Vogt–Koyanagi–Harada (VKH) disease is a major noninfectious uveitis entity that is more prevalent in middle-aged Asians than in Caucasians.
1 As a multisystem autoimmune disorder caused by a T-cell–dependent response against melanocytes, VKH disease commonly manifests with bilateral panuveitis leading to visual impairment, as well as skin and auditory signs.
2 Pathologic studies revealed that the choroid, which contains a dense population of melanocytes, is the primary target of inflammation in VKH disease, whereas the retina is involved later, as a possible bystander.

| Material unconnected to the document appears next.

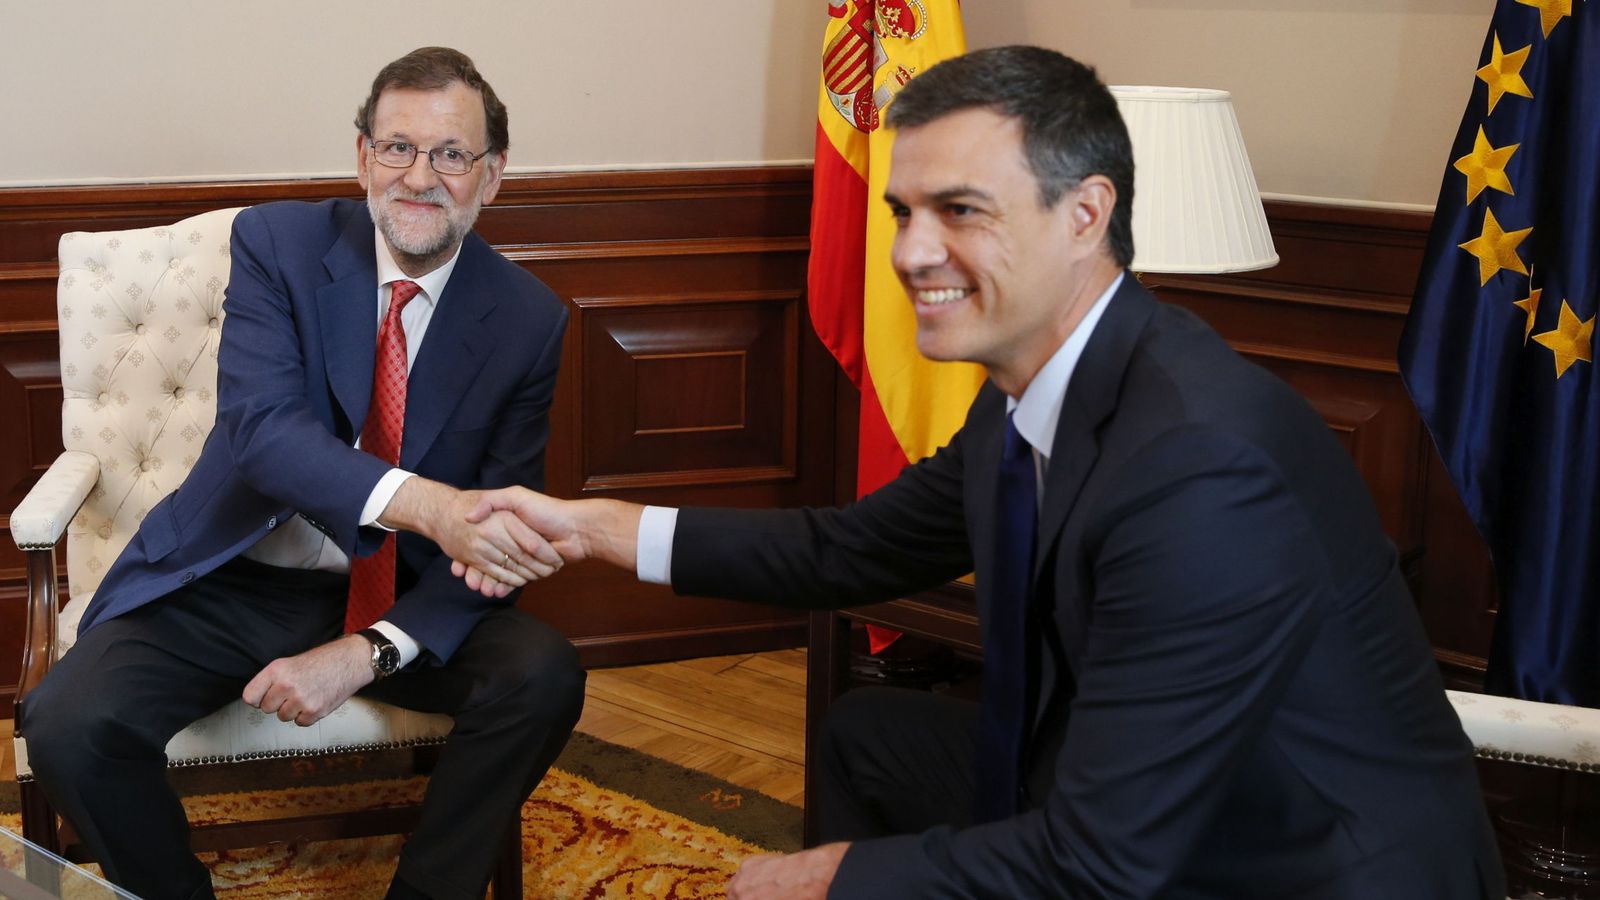 Foto: Mariano Rajoy y Pedro Sánchez se estrechan la mano durante su segunda reunión en el Congreso tras el 26-J, este 2 de agosto. (EFE)

3 Chorioretinal involvement during VKH disease can be visualized using indocyanine green angiography and fundus fluorescein angiography. These methods are both invasive modalities with a potential risk of contrast medium allergy and cannot quantify the alterations of the retinal and choroidal microvasculature. The introduction of swept-source–optical coherence tomography angiography (SS-OCTA) has revolutionized the analysis of the fundus. Compared with spectral-domain optical coherence tomography (SD-OCT), SS-OCTA offers several advantages, including deeper penetration into the choroid, higher speed, and better image resolution, allowing for the detailed visualization of both the retinal and choroidal vasculature. This noninvasive technique eliminates the risks associated with contrast agents and provides a comprehensive evaluation of microvascular changes over time. Studies have demonstrated that medium- and large-sized choroidal vessels play a critical role in the pathophysiology of VKH disease. In particular, larger vessels occupy the majority of the choroidal area. Inflammation of these larger vessels can result in significant structural and functional changes within the choroid, contributing to disease progression.
4 This inflammation leads to choroidal thickening and subsequent visual impairment due to the disruption of normal choroidal blood flow and subsequent retinal involvement. However, studies on VKH disease utilizing SS-OCTA had primarily concentrated on the microcirculation of the retina and the choriocapillaris layer, neglecting the broader distribution and more functionally significant medium- and large-sized vessels of the choroid.
5,6 Due to the more pronounced structure of larger vessels, we can monitor disease activity more accurately, potentially aiding in the early diagnosis and tailored treatment planning for patients with VKH disease. Thus, we used novel artificial intelligence (AI)–based three-dimensional auxiliary SS-OCTA metrics and defined new choroidal-related indicators as applied in other chorioretinopathy.
7 This approach allows for a more detailed and quantitative analysis of vascular structures, which is crucial for understanding the pathophysiology of VKH disease. Additionally, related research had indicated a reduced retinal vessel density (VD) and normal choriocapillaris flow density in the convalescent VKH disease stage,
8 whereas other studies found a normal retinal VD and varying degrees of choriocapillaris loss in VKH disease.
6,9,10 The patient cohorts in the studies mentioned above had a variable duration of disease before treatment initiation. Consequently, it is worth exploring whether this variability is the cause of the inconsistent results in the retinal and choroidal microvasculature in VKH disease, which was the subject of the study presented here.